On a typical evening of roadside spraying in the BLSG District, a mist of chemical pesticide may remain suspended over about 1000 acres for two hours. Bats on Vermont’s endangered species list have been documented flying along, adjacent to, and above many of the roadside spray routes in the BLSG District (see figure below).
More information about the threat to bats from pesticide spraying can be found in the Arrowwood Environmental 2020 report “The BLSG District’s Use of the Adulticides Malathion and Permethrin: Impacts on Five Threatened and Endangered Bat Species.”
Provisions for critical activities that might harm endangered species
If a critical (e.g., economically important) activity risks harm to an endangered species, the Vermont Agency of Natural Resources may require an “incidental taking permit” to allow the activity to continue legally. Such permits define how the activity might harm the listed species and specify how harm should be mitigated, for example, by altering the activity.
Incidental taking permits can be granted if:
- the taking is necessary to conduct an otherwise lawful activity
- the taking is not the purpose of the activity
- the impact of the taking is minimized, and
- the taking will not impair the conservation or recovery of listed species.
Incidental taking permits are critical tools which allow the Agency of Natural Resources to ensure protection of listed species while allowing important activities to continue.
Simple modifications to BLSG’s practices can reduce the threat to bats
Three types of changes to BLSG’s roadside spraying operation could protect bats while continuing to provide the public service of mosquito control.
- Modifying where pesticides are applied: Roadside spraying in the BLSG District is currently done on 190 miles of roads which are mostly rural. Spraying could instead be limited to road sections with higher residential density so it has the greatest impact per mile on reducing mosquito-human encounters.

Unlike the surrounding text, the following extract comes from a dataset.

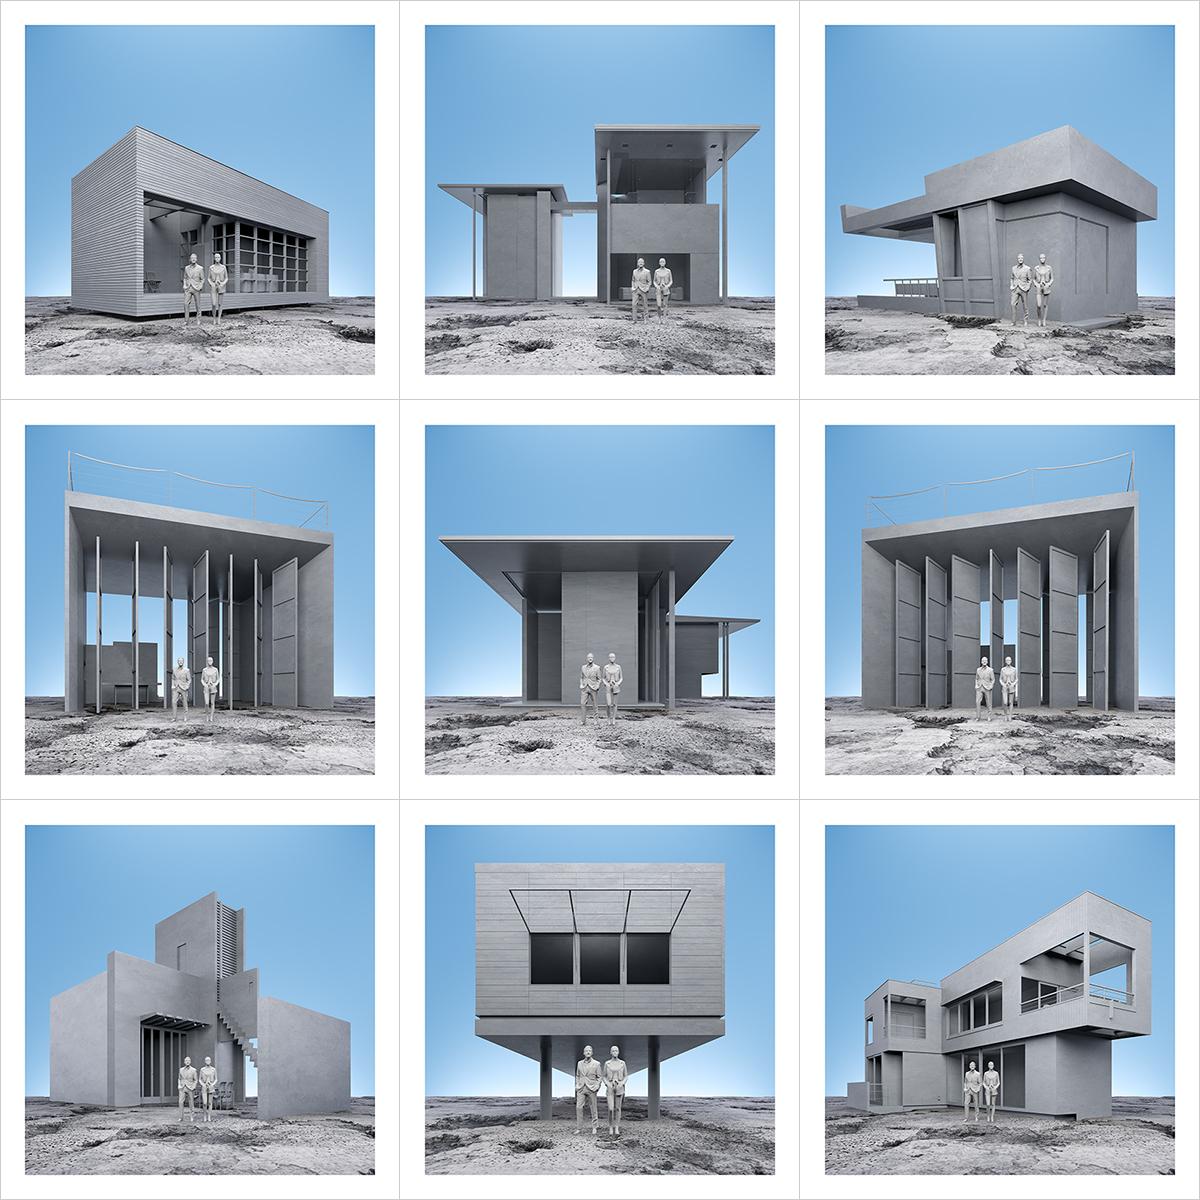 180 Art of the XXICentury II 000 - 2021 - Art of the XXI Century. II

- Modifying when pesticides are applied: Roadside spraying is currently done when one or more mosquito traps or a sweep of a hand net captures at least 15 mosquitoes, or when residents complain about mosquitoes. Spraying could instead be triggered with more definitive scientific monitoring and only when mosquito populations are unusually high or if the Vermont Department of Health approves spraying in response to a public health emergency.
- Modifying the proportion of effort dedicated to controlling mosquito breeding versus killing adult mosquitoes: The only other insect control district in Vermont is the adjacent Lemon Fair District which controls mosquitoes by manipulating breeding areas and applying bacterial larvicides to breeding areas. There is no evidence that this successful approach, which uses no chemical pesticides, would not be equally successful in the BLSG District.
Mosquito control differs from agricultural pesticide application
Roadside spraying of pesticides to control adult mosquitoes is a threat to bats because of when and how it is done. This protocol differs from that of most agricultural and silvicultural spraying in Vermont.
The combination of the above characteristics of BLSG’s roadside spraying cause it to be a unique threat to bats. It is uncommon for agricultural or silvicultural spraying to happen at nighttime and uncommon for it to be done with ULV sprayers. The combination of both nighttime and ULV spraying might occur in Vermont only when the BLSG Insect Control District does roadside spraying.